▸ **Problem statement**: Restate the opening lines of the material below word for word, stopping after the line that contains "of Jan Kath.".

Content starts

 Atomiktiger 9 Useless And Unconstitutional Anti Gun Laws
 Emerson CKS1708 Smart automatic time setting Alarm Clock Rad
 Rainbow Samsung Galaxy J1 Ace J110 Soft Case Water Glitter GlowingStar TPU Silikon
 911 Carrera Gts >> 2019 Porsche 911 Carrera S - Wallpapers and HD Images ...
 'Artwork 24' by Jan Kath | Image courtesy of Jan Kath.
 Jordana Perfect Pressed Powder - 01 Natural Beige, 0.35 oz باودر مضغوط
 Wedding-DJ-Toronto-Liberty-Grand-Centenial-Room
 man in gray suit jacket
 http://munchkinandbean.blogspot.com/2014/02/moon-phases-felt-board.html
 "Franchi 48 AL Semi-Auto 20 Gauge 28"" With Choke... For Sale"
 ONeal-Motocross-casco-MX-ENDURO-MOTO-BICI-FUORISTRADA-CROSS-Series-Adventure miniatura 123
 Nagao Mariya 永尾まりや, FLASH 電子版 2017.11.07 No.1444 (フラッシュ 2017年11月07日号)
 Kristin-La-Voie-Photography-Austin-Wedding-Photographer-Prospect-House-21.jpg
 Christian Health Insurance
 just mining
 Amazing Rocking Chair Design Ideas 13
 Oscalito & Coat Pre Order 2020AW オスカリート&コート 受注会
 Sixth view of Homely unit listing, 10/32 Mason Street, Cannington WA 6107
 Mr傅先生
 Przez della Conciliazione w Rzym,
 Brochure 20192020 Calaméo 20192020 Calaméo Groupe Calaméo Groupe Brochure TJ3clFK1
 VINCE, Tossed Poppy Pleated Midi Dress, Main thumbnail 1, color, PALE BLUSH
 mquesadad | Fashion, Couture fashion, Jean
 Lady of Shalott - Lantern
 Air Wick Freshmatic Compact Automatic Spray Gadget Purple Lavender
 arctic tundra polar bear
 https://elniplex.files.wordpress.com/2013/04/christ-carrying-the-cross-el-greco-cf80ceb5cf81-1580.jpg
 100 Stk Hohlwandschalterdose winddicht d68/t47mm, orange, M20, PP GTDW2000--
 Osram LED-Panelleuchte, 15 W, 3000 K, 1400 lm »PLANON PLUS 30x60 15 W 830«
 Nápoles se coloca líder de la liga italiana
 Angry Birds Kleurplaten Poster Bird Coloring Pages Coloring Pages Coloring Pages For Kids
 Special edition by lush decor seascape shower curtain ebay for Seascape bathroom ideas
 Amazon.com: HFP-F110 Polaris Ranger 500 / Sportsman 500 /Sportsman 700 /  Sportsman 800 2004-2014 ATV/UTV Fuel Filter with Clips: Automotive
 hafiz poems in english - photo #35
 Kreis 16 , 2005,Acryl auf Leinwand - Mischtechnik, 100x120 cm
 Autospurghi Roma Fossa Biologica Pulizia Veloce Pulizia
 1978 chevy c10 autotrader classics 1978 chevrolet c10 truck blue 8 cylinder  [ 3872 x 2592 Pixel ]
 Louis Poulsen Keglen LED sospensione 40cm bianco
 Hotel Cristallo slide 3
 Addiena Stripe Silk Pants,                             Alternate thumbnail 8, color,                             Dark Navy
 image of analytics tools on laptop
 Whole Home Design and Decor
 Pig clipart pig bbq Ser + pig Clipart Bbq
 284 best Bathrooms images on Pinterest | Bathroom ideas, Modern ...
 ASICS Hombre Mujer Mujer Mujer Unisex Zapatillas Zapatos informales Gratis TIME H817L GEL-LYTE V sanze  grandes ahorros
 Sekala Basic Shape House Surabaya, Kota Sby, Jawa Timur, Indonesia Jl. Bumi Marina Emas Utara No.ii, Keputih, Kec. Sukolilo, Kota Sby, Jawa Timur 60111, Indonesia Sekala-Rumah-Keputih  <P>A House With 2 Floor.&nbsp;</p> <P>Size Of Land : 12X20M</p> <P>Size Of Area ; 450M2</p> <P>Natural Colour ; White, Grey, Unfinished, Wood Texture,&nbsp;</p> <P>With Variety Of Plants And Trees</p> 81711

Content ends

▸ **Output for this task**:
 Atomiktiger 9 Useless And Unconstitutional Anti Gun Laws
 Emerson CKS1708 Smart automatic time setting Alarm Clock Rad
 Rainbow Samsung Galaxy J1 Ace J110 Soft Case Water Glitter GlowingStar TPU Silikon
 911 Carrera Gts >> 2019 Porsche 911 Carrera S - Wallpapers and HD Images ...
 'Artwork 24' by Jan Kath | Image courtesy of Jan Kath.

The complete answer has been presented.